Wenn Sie Zahlungsprobleme haben sollten, stecken Sie keinesfalls
den Kopf in den Sand. Das verschlimmert nur alles. Fassen Sie Mut,
über Ihre Sorgen zu sprechen und sich bei einer Beratungsstelle
Hilfe zu suchen.
Unsere Tipps:
- Sichern Sie Ihr Existenzminimum und informieren
Sie sich darüber, ob nicht Ihre Einnahmen erhöht werden
können, z.B. durch Anträge auf Kindergeld, Wohngeld
oder Sozialhilfe. Zahlen Sie immer zuerst an den Vermieter!

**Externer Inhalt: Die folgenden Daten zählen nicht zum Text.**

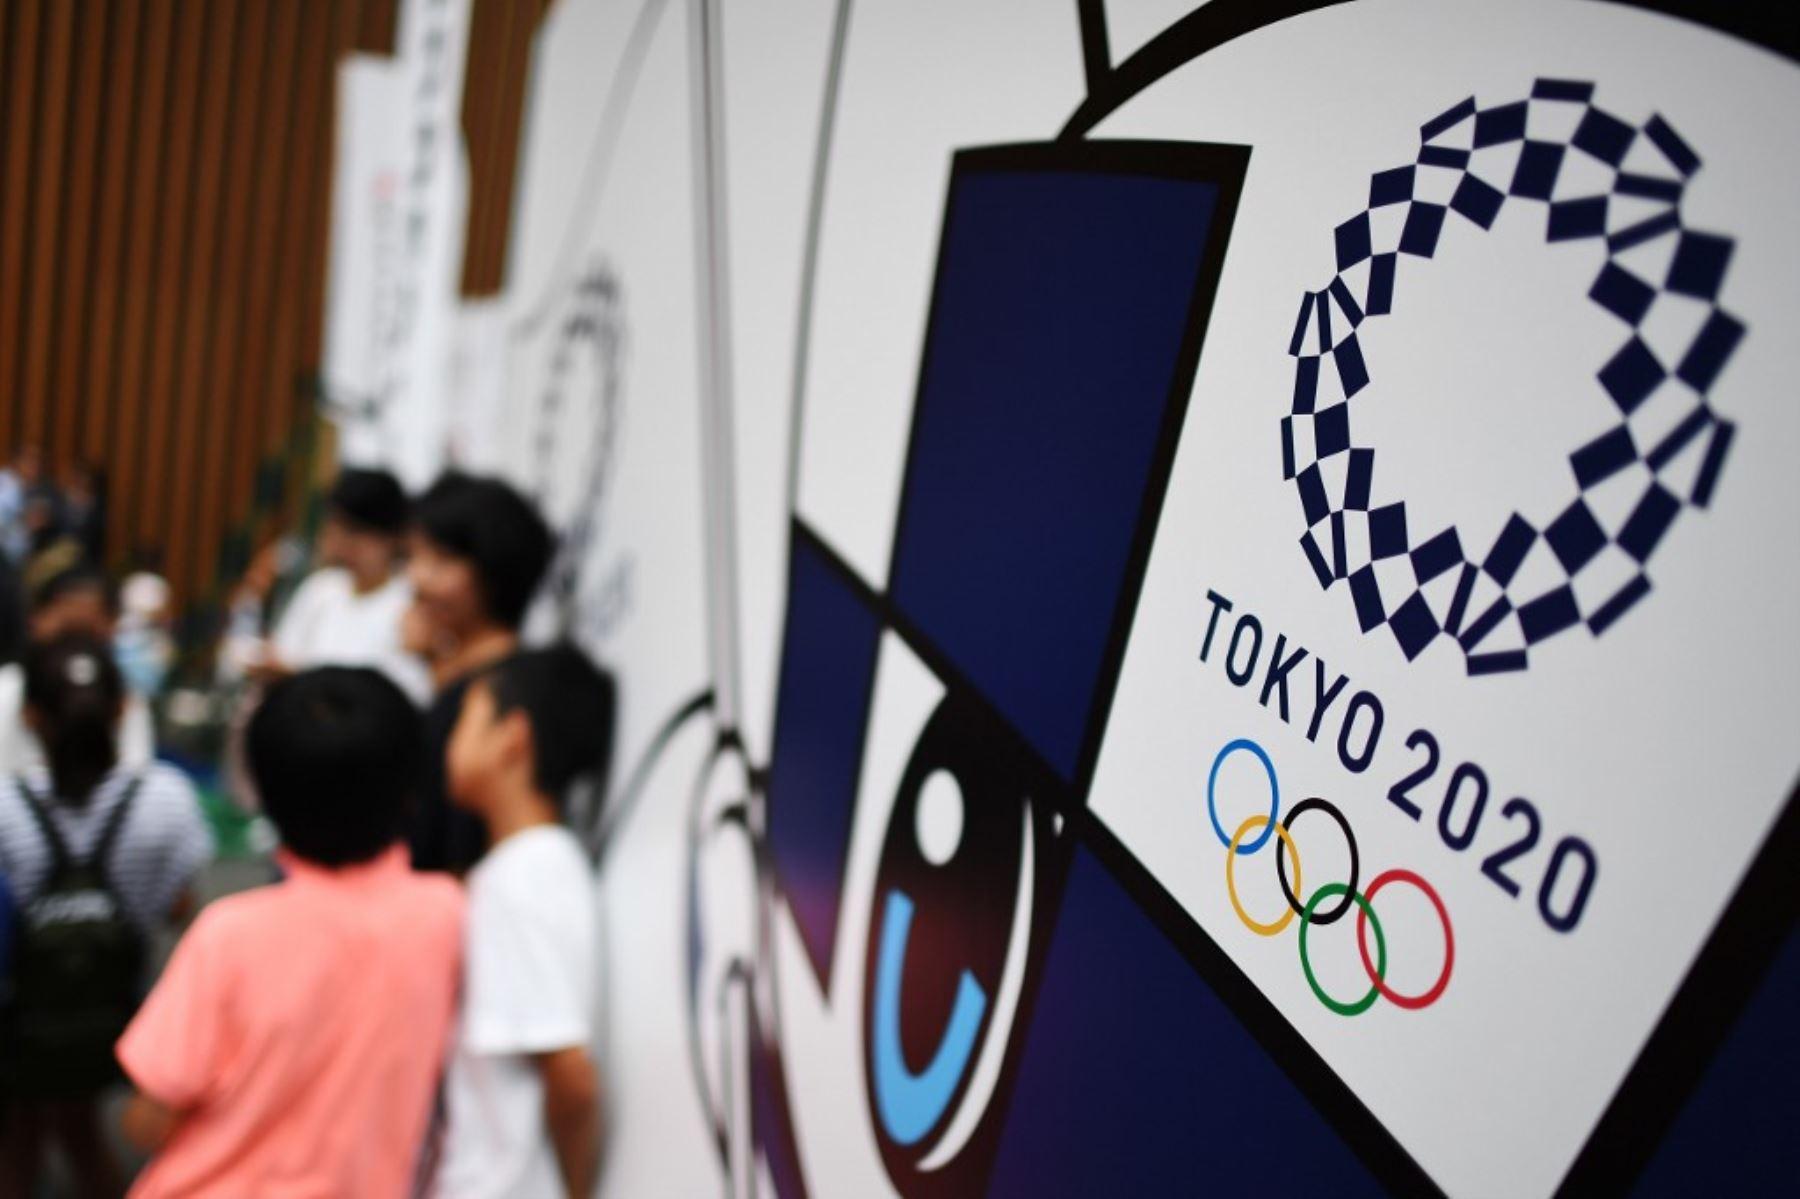 Los Juegos Tokio 2020 se desarrollarán a pesar del nuevo coronavirus

- Führen Sie ein Haushaltsbuch und vermeiden
Sie ab sofort unnötige Ausgaben. Machen Sie keinesfalls neue
Schulden, um alte Schulden zu bezahlen.
- Versuchen Sie, mit Ihren Gläubigern über
einen Zinsverzicht oder eine angemessene Ratenreduzierung zu verhandeln.
- Lassen Sie sich nicht von den Gläubigern
einschüchtern. Wegen Schulden allein kommt man nicht ins
Gefängnis.
- Bevor Sie zahlen, überprüfen Sie immer
die Forderungen.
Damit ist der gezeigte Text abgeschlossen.